• **MATERIAL SUPPLIED**
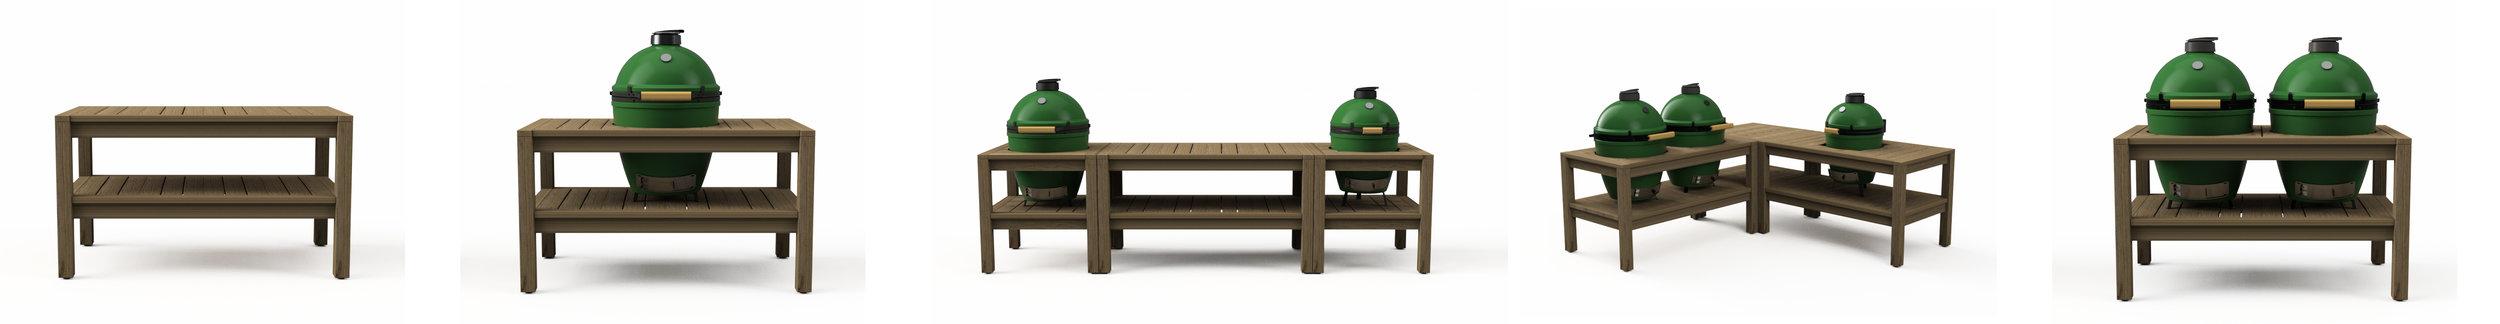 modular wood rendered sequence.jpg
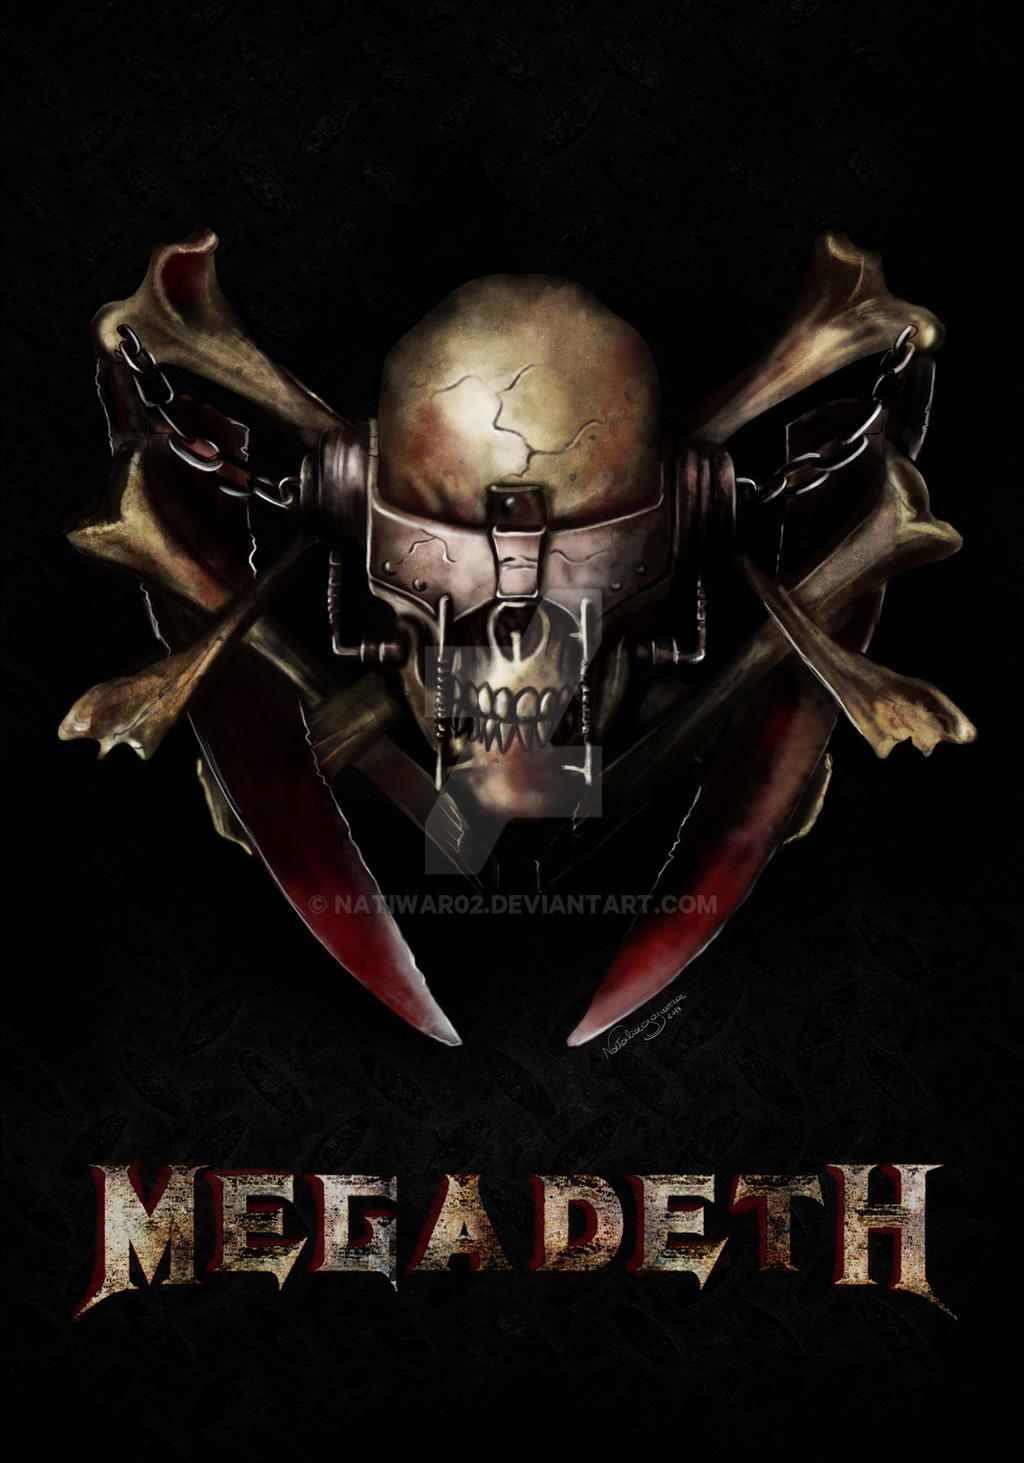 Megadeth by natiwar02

==

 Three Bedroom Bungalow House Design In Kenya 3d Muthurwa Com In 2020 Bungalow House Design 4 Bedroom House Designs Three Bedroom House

==

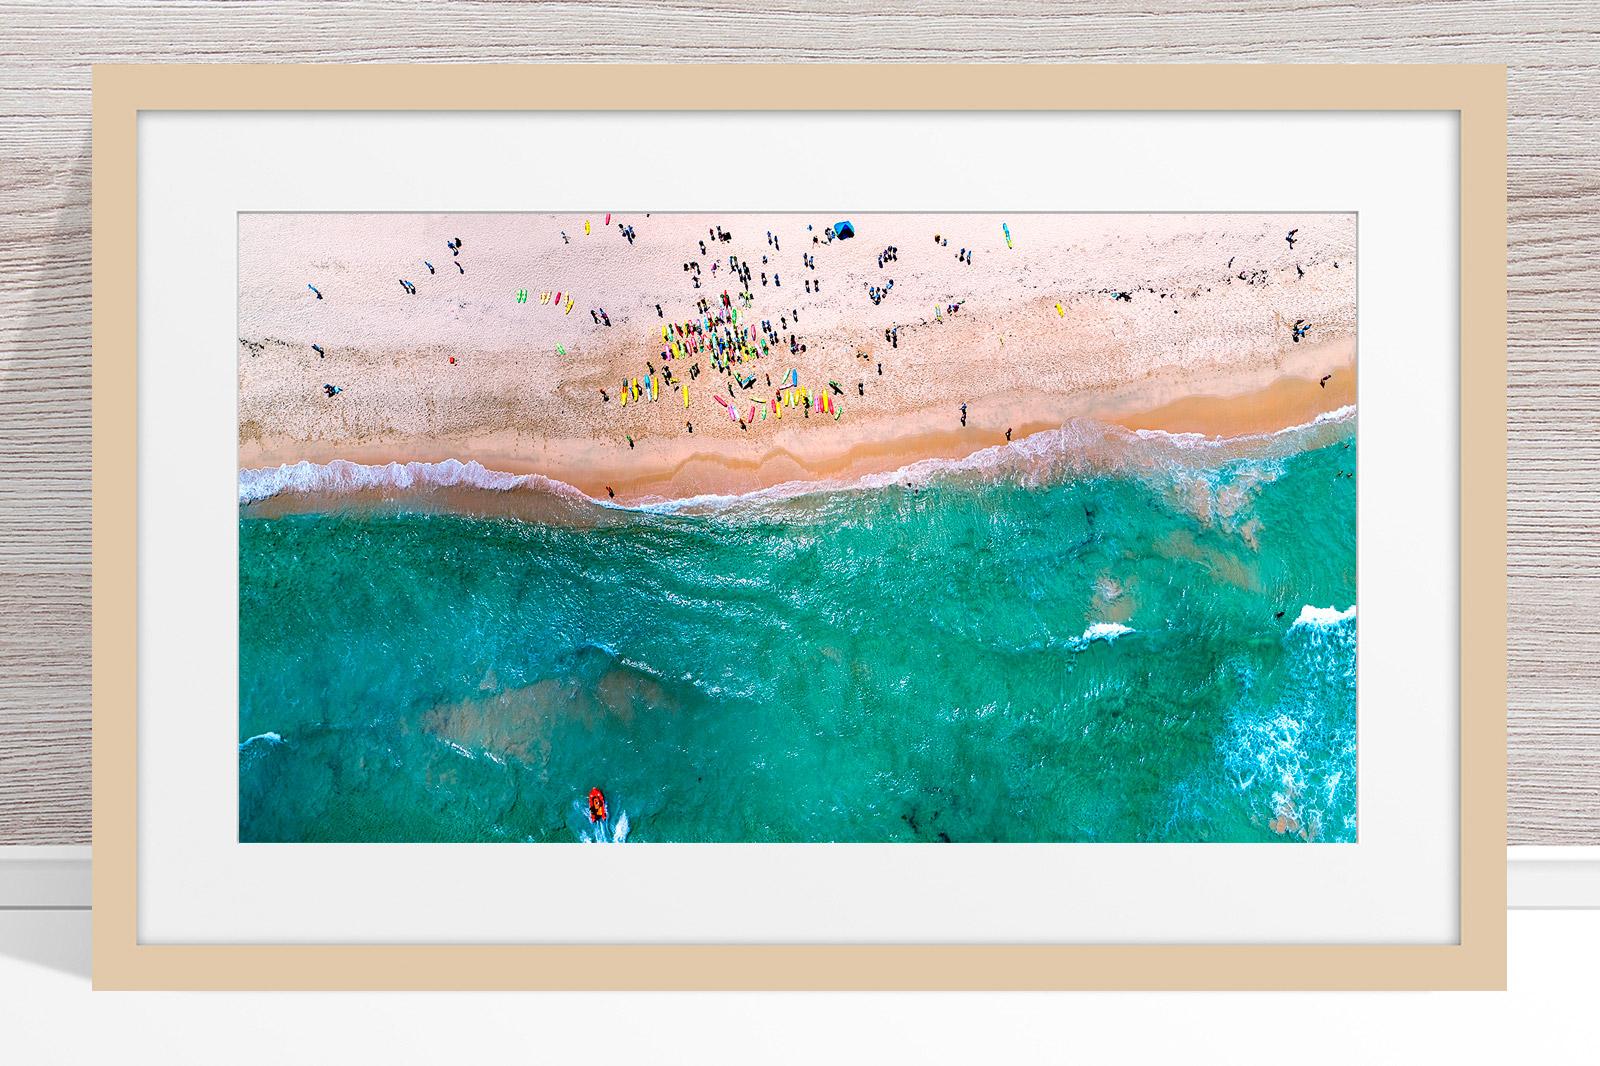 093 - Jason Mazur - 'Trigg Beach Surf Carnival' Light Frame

• **WORK ITEM**
Copy exactly the material above from the line with "modular wood rendered sequence.jpg" to the line with "Megadeth by natiwar02", ends included, and nothing else. Leave out any picture.

• **EXERCISE ANSWER**
 modular wood rendered sequence.jpg
 Megadeth by natiwar02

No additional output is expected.